Генезис персонажа баба Яга и некоторых других персонажей русских народных волшебных сказок.

В выдающемся диптихе В. Я. Проппа о волшебной сказке («Морфология волшебной сказки» и «Исторические корни русской народной сказки») убедительно доказана связь волшебной сказки с первобытным обрядом инициации мальчиков. Автор пришёл к выводу, что зачаток сказки первоначально был неотделимой частью этого обряда. Я бы даже сказал проговариванием обряда. Своей морфологией В. Я. Пропп дал очень удобный инструмент для анализа волшебных сказок и мифов.

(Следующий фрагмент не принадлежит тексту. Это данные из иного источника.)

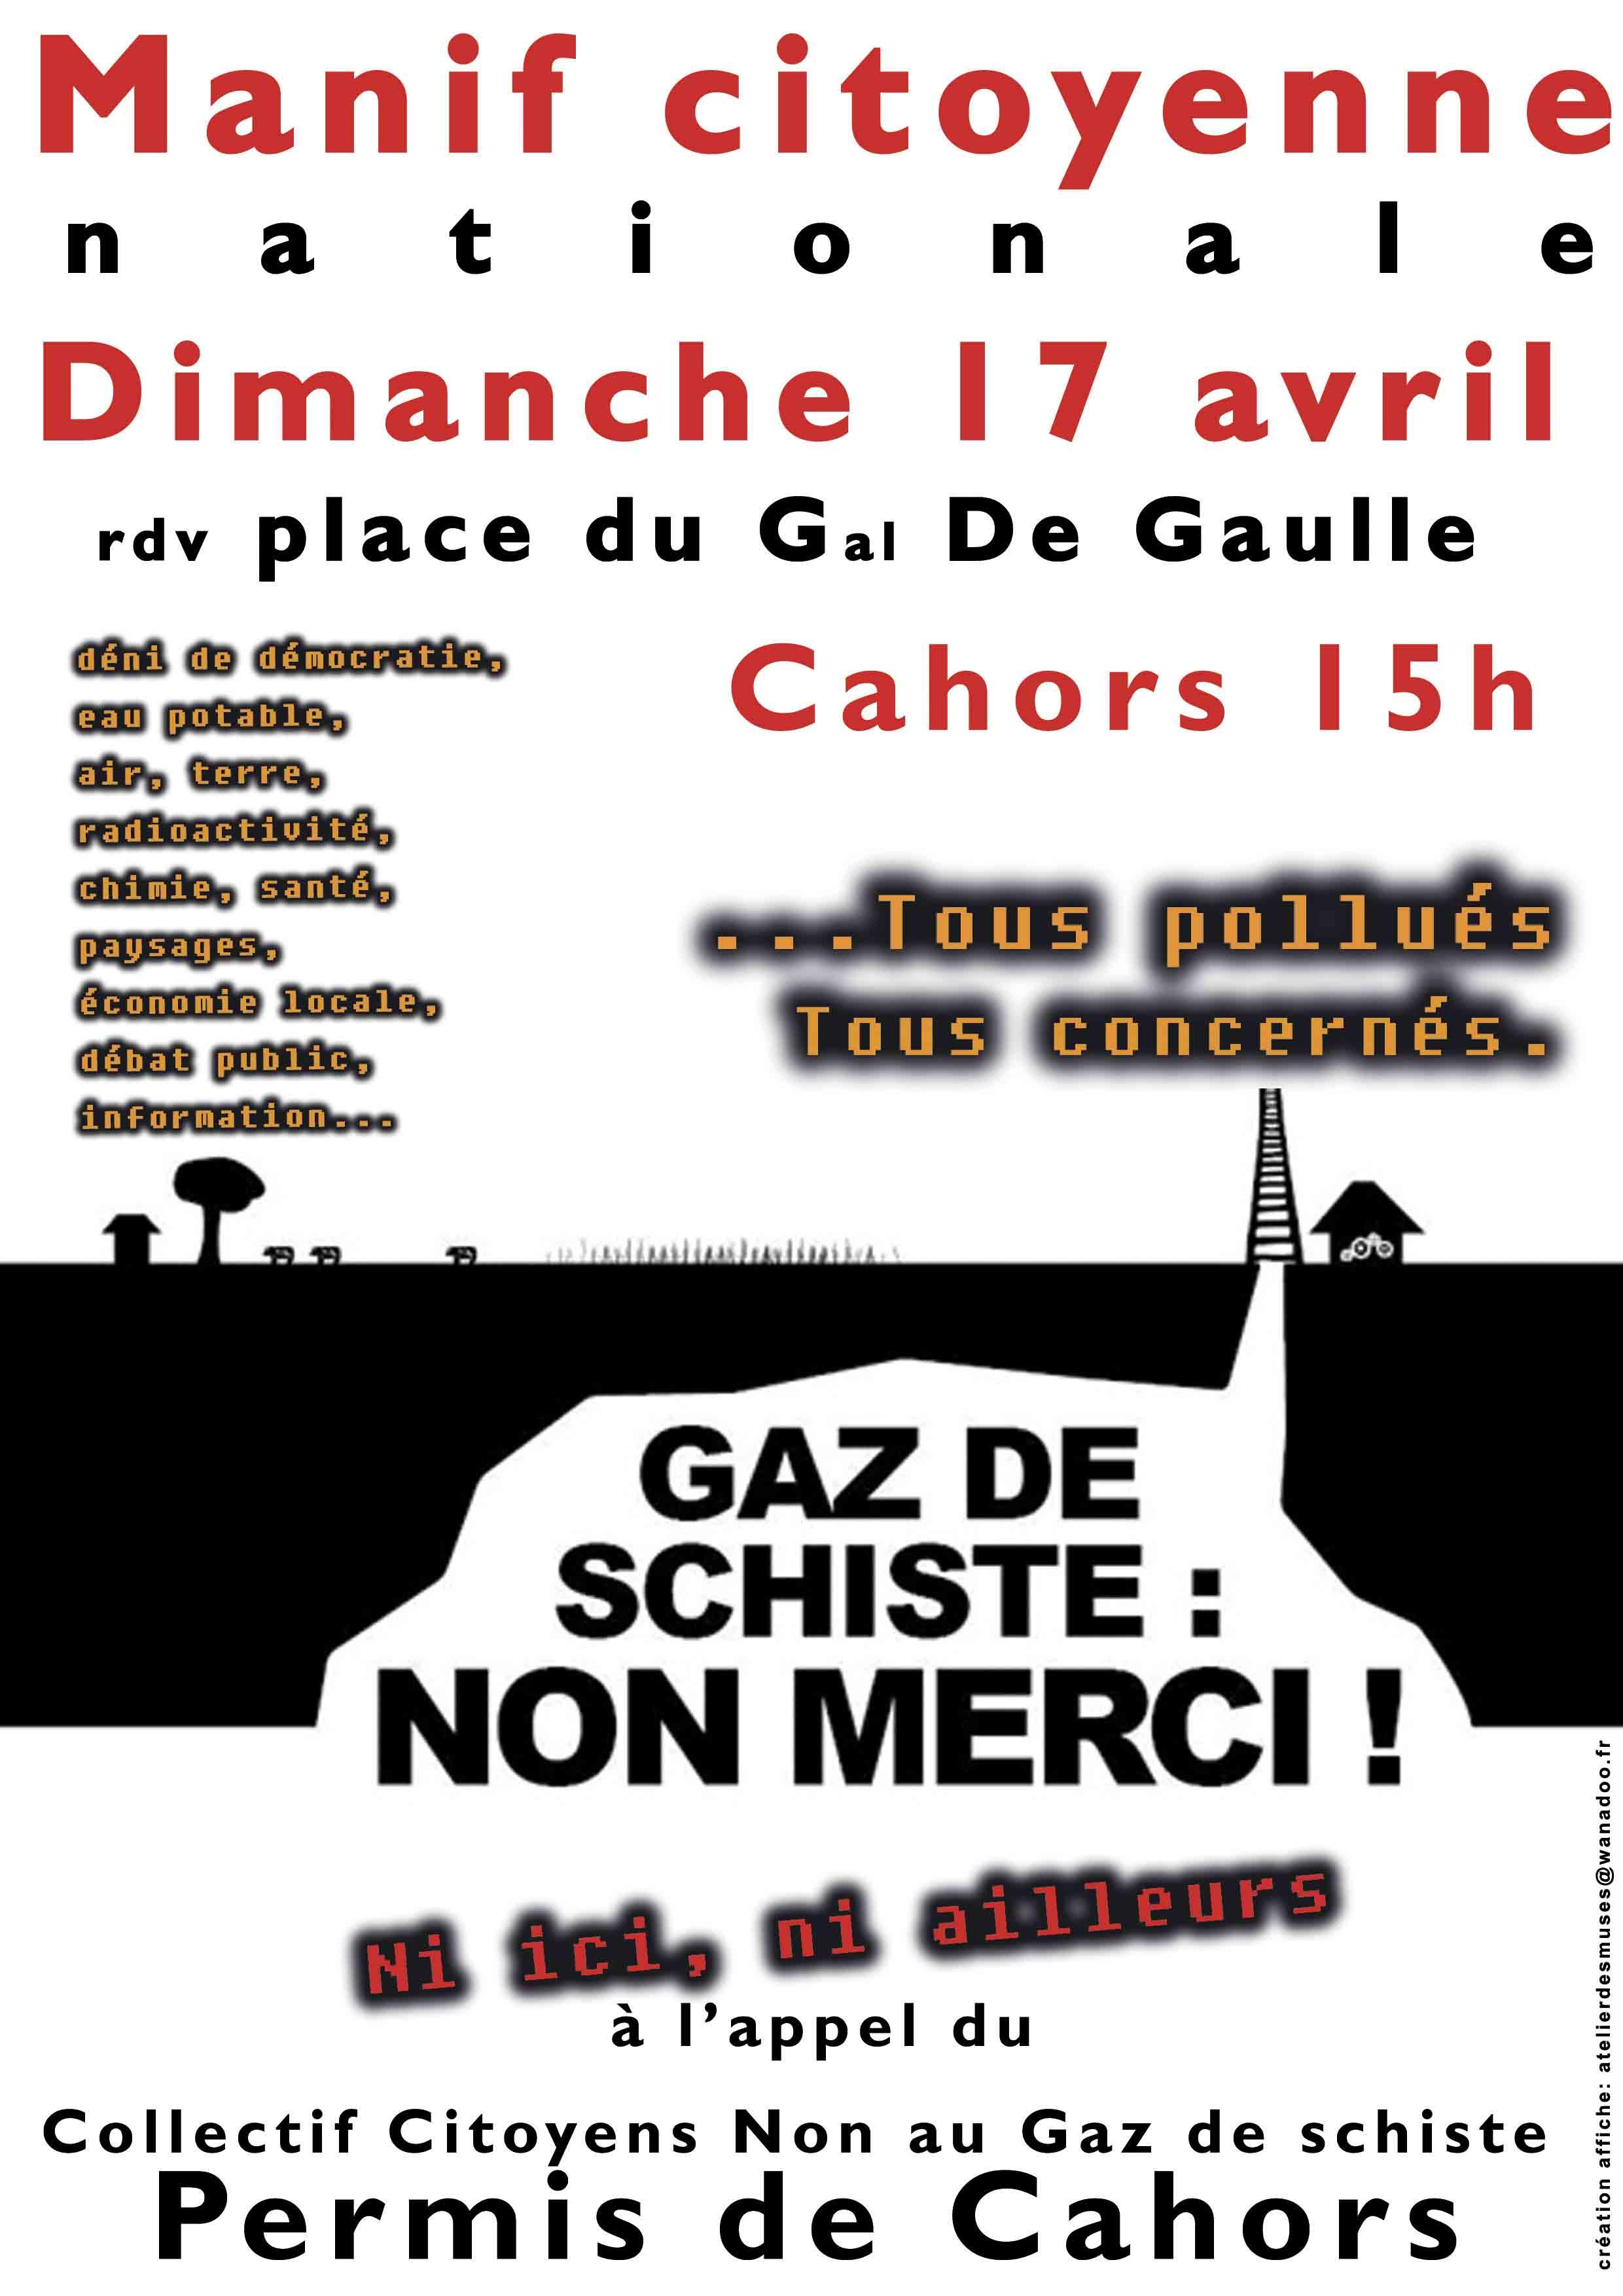 2011_04_17_affiche_manif_cahors.jpg

Однако, сам же не смог дать убедительного объяснения одного из самых колоритных персонажей волшебной сказки – бабы Яги. Его предположение, что её прототипом, возможно, является гипотетическая временная жена в «большом» (мужском) доме не убеждает даже самого автора. Не нашёл он исторического прототипа и для ложного героя. Хотя сразу же возникает аналогия с временным правителем, подробно описанным Дж. Фрезером в «Золотой ветви», которую В. Я Пропп часто цитирует в «Исторических корнях волшебной сказки». Я хочу немного развить структуралистский метод Проппа, и дать ответы на некоторые нерешённые им вопросы, в том числе и по бабе Яге. Сразу же оговорюсь, здесь не будет большого количества примеров из Проппа и Фрезера. Считаю, каждый, кого интересует данная тема, должен знать работы В. Я. Проппа и «Золотую ветвь» Дж. Фрезера.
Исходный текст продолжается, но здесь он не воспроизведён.